NY1 will air gavel-to-gavel coverage beginning at 9 a.m. tomorrow, and NY1's Grace Rauh will file reports all week long from Washington and give a daily recap on "Inside City Hall."

In a rare House ethics trail set to start Monday morning, Congressman Charles Rangel will be defending himself against 13 alleged ethics violations, and he is going to do it on his own.

Rangel split with his lawyers after paying them more than $1.4 million, after the money seems to have dried up.

"I already notified them that as a result of them taking so long that I have exhausted my abilities to raise the funds which are necessary to move on," said Rangel. "All I do is just ask for the time to be heard and I am confident that at the end of the day my constituents' faith in me, as demonstrated by their overwhelming vote, will be well-founded."

Rangel appeared at Mother AME Zion Church on Sunday, to speak at a memorial service for civil rights icon Dr.

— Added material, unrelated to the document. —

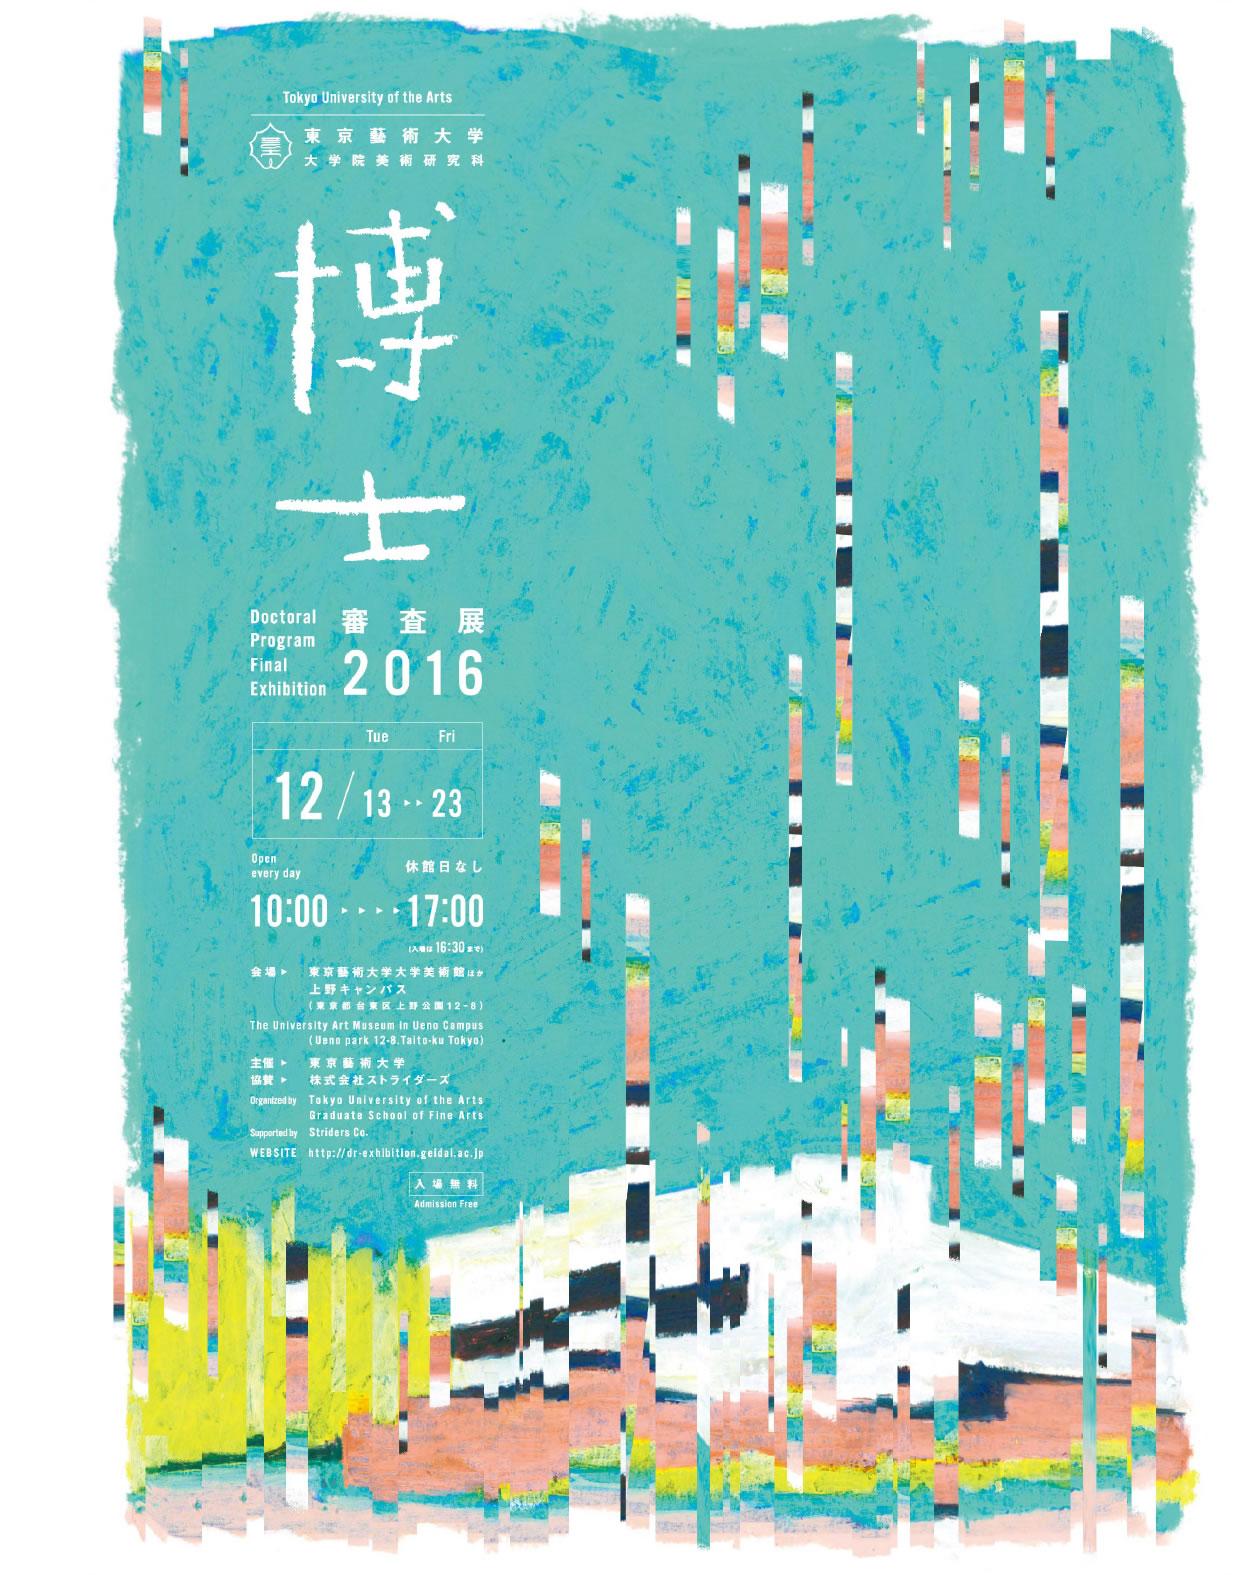 東京藝術大学大学院美術研究科 博士審査展2016

Dorothy Height, who died in April. He expressed uncertainty about how Monday's proceedings would play out.

"I don’t even know whether they're going to move forward tomorrow. We'll have to see what we see," he said.

The Harlem lawmaker stands accused of 13 violations of House rules. He has come under fire for failing to pay taxes on income from a vacation home, his use of multiple rent-stabilized apartments in Harlem and his efforts to raise money for a City College center in his name.

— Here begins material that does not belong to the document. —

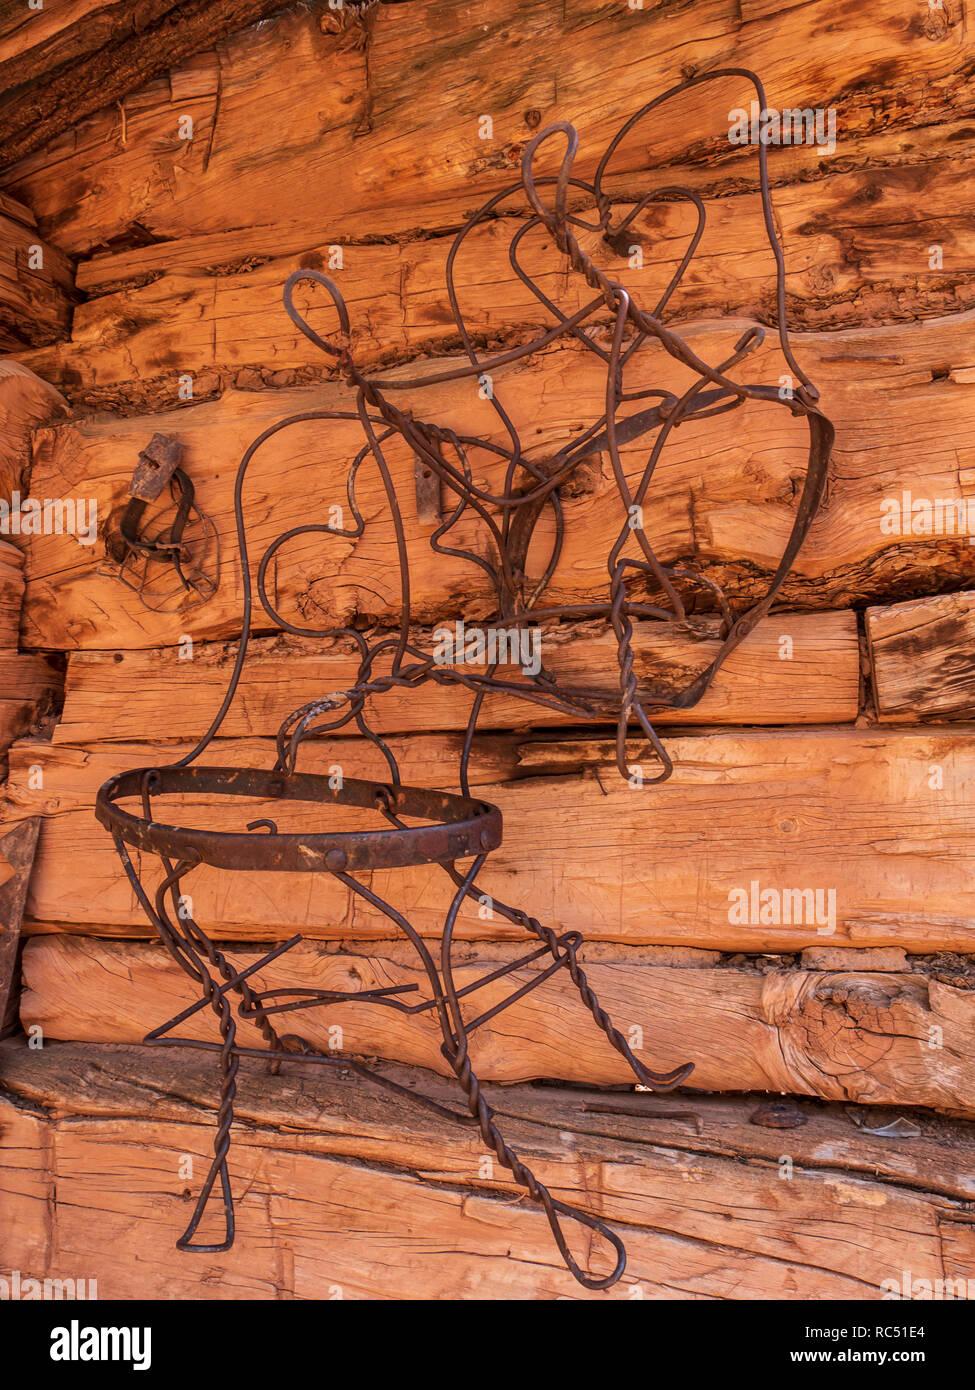 Rock Creek Ranch, Desolation Canyon north of Green River, Utah. - Stock Image

The allegations forced Rangel to step down from his powerful position as chairman of the House Ways and Means Committee -- a dramatic fall for a man once counted among the most influential politicians in the country.

"Many of the allegations against him, the facts just simply support that he violated House rules, and it's really hard for me to imagine what he could go in and say in defense of some of these charges," said Melanie Sloan of the Citizens for Responsibility and Ethics in Washington.

The last House ethics trial in 2002 led to the expulsion of Ohio Congressman James Traficant. Rangel is not expected to be ousted.

"I think the most likely outcome here is that he will be censured. And given that state of affairs, that he's going to just be censured, why go through all this?" said Sloan. "Mr. Rangel should have taken his lumps a year-and-a-half ago and admitted wrongdoing and taken the committee's letter and we could have all put this whole process behind us.

Rangel's troubles in Washington have not shaken his popularity back home. He was re-elected to Congress in a landslide earlier this month.

The trial is expected to last a week, and if the Ethics committee decides to punish him, the recommended sanctions go before the full House of Representatives for a vote.